As shown in Table 6, the filtered sample, no agg, all feature configuration achieves the highest overall f-scores for classifying open space and residential land use categories across all three geographic regions. This configuration, which includes filtered samples, uses the original, non-aggregated labeled polygons and incorporates both POI and non-POI geographic features, indicating that this approach provides a comprehensive representation for these land use types.


For non-residential land use classification, however, the {filtered sample, no agg, poi}configuration achieves the best f-score, indicating that including non-POI geographic features in the AOI embedding does not significantly enhance the classification performance for non-residential areas. This suggests that POI data alone may provide sufficient information for characterizing non-residential land use.

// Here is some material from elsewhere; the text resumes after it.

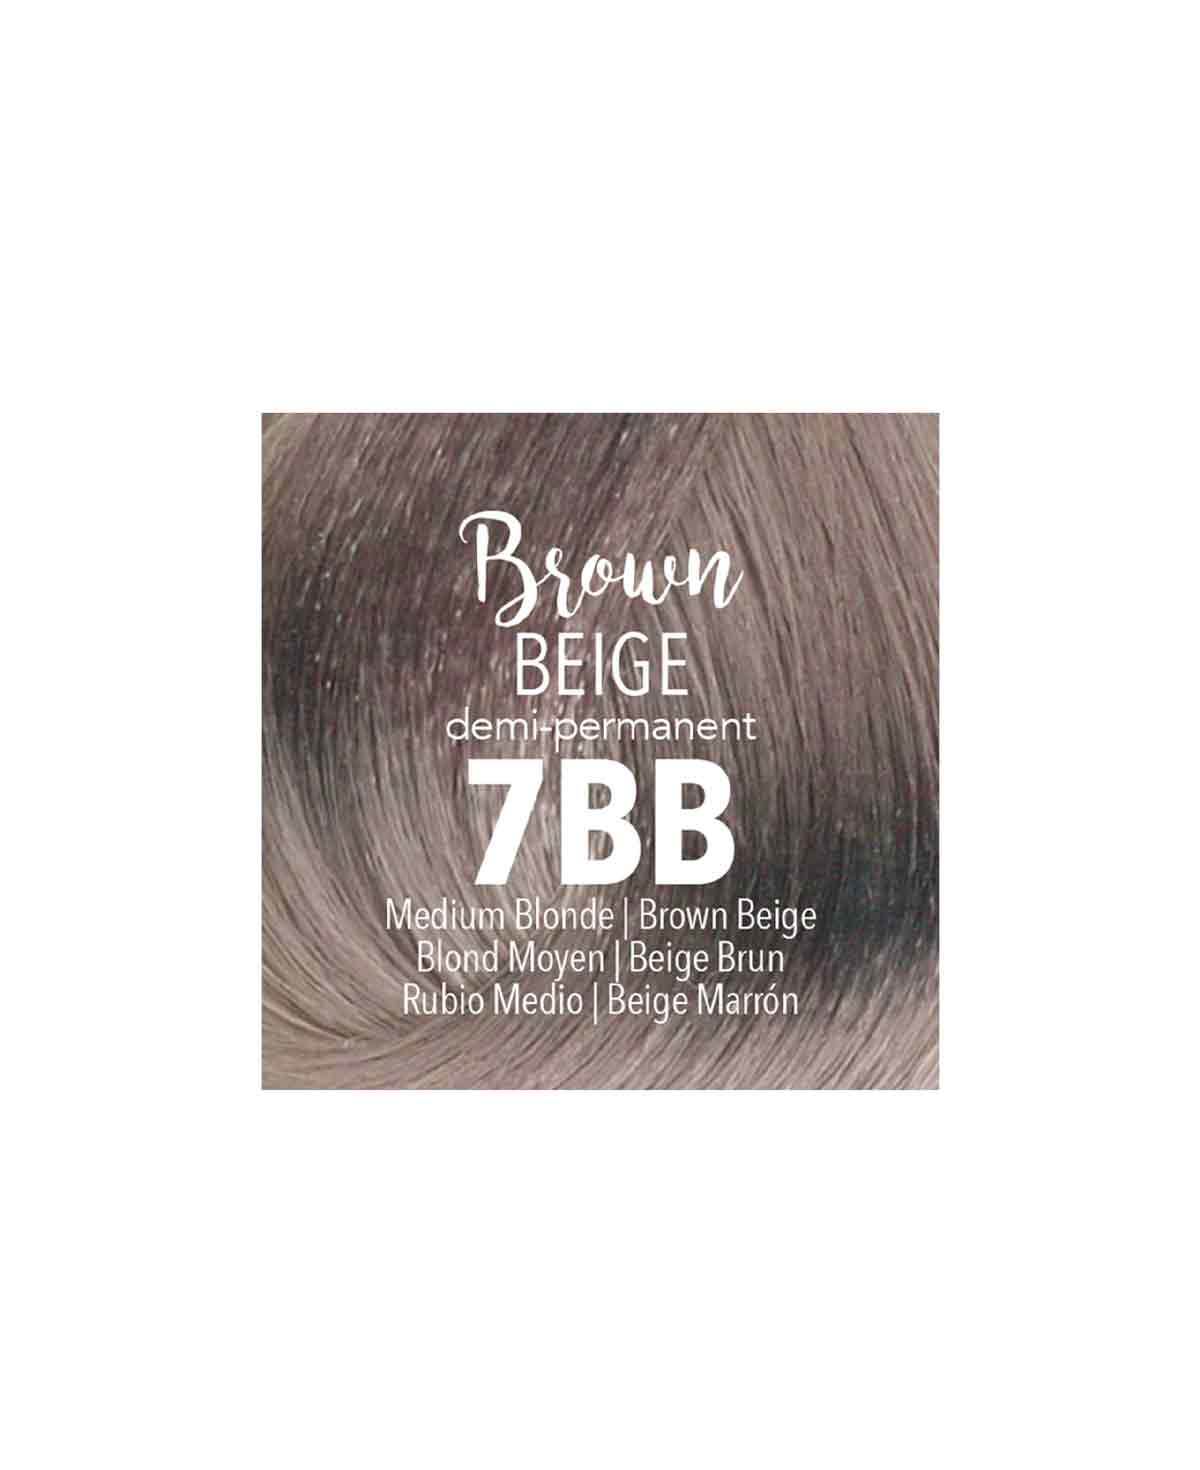 Mydentity - 7BB Medium Blonde Brown Beige Demi-P

The performance impact of including non-POI geographic features varies across the different geographic regions. England shows the largest performance improvement when non-POI geographic features are added, while South Korea exhibits minimal performance change. This variation across regions reflects differences in geographic context and the effectiveness of non-POI features in enhancing land use classification accuracy.

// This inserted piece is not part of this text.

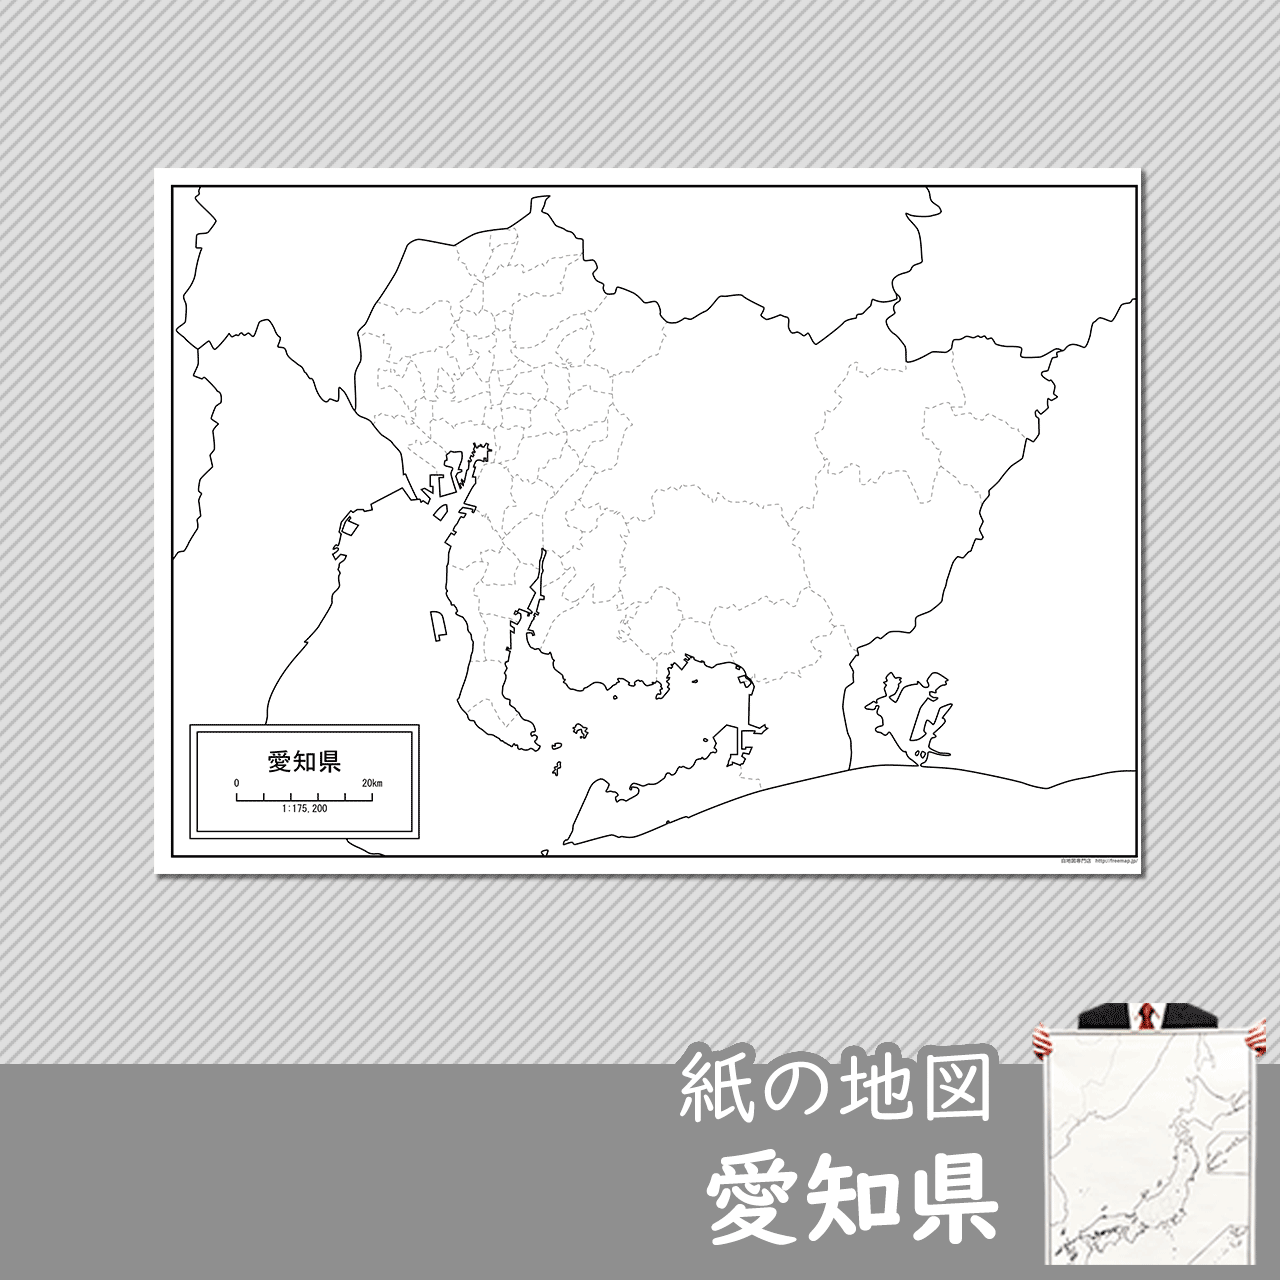 愛知県の紙の白地図のサムネイル

With respect to the {all sample vs. filtered sample}configuration, classification model performance improves for residential and non-residential land use classes after excluding training samples that contain only a single geographic feature. In contrast, the performance for the open space land use class experiences a slight decrease. This pattern is consistent across all three geographic regions. Notably, the non-residential land use class in South Africa shows the largest performance increase after filtering training samples. Generally, increasing the number of geographic features within an AOI enhances semantic richness and robustness in characterizing AOI land use. However, the performance decrease for open space land use indicates that the absence of geographic features can itself be a defining characteristic of certain land use types, such as open spaces.


Regarding the impact of spatial granularity ({no agg vs. agg30}), classification models trained on spatially aggregated samples tend to perform worse across the three land use classes in all three geographic regions. The open space land use class experiences the largest performance drop following spatial aggregation, while residential and non-residential classes see only a slight decrease in performance scores. The decline in model performance with spatial aggregation highlights the higher semantic coherence of the original, user-contributed boundaries compared to those generated through spatial aggregation.


For configurations involving non-POI geographic features ({poi vs. all feature}), adding non-POI features as additional input for AOI embedding training generally improves classification model performance for open space and residential land use classes, while decreasing performance for the non-residential class. This trend is consistent across all three regions. Without non-POI geographic features, land use polygons labeled as open space and residential classes lack sufficient semantically distinct features to fully capture their characteristics, resulting in lower classification scores. By incorporating non-POI geographic features, such as roads and non-POI buildings, the representativeness of training samples for open space and residential land use classes is improved, particularly in South Africa. In comparison, the performance changes for England and South Korea are less pronounced, potentially due to the more comprehensive and regular distribution of amenities and recreational facilities (e.g., benches, picnic tables) in developed areas, which better characterizes open spaces through POIs alone.


A three-class land use classification model for the three geographic regions was generated using the {filtered sample, no agg, all feature}configuration, as shown in FIG. B1. These results highlight the influence of geographic context on characterizing land use based on POIs. For non-residential land use, POIs alone offer better characterization of AOI land use type, as most POIs are associated with non-residential purposes. Consequently, adding non-POI features may dilute the semantic coherence of the AOI embedding for non-residential areas.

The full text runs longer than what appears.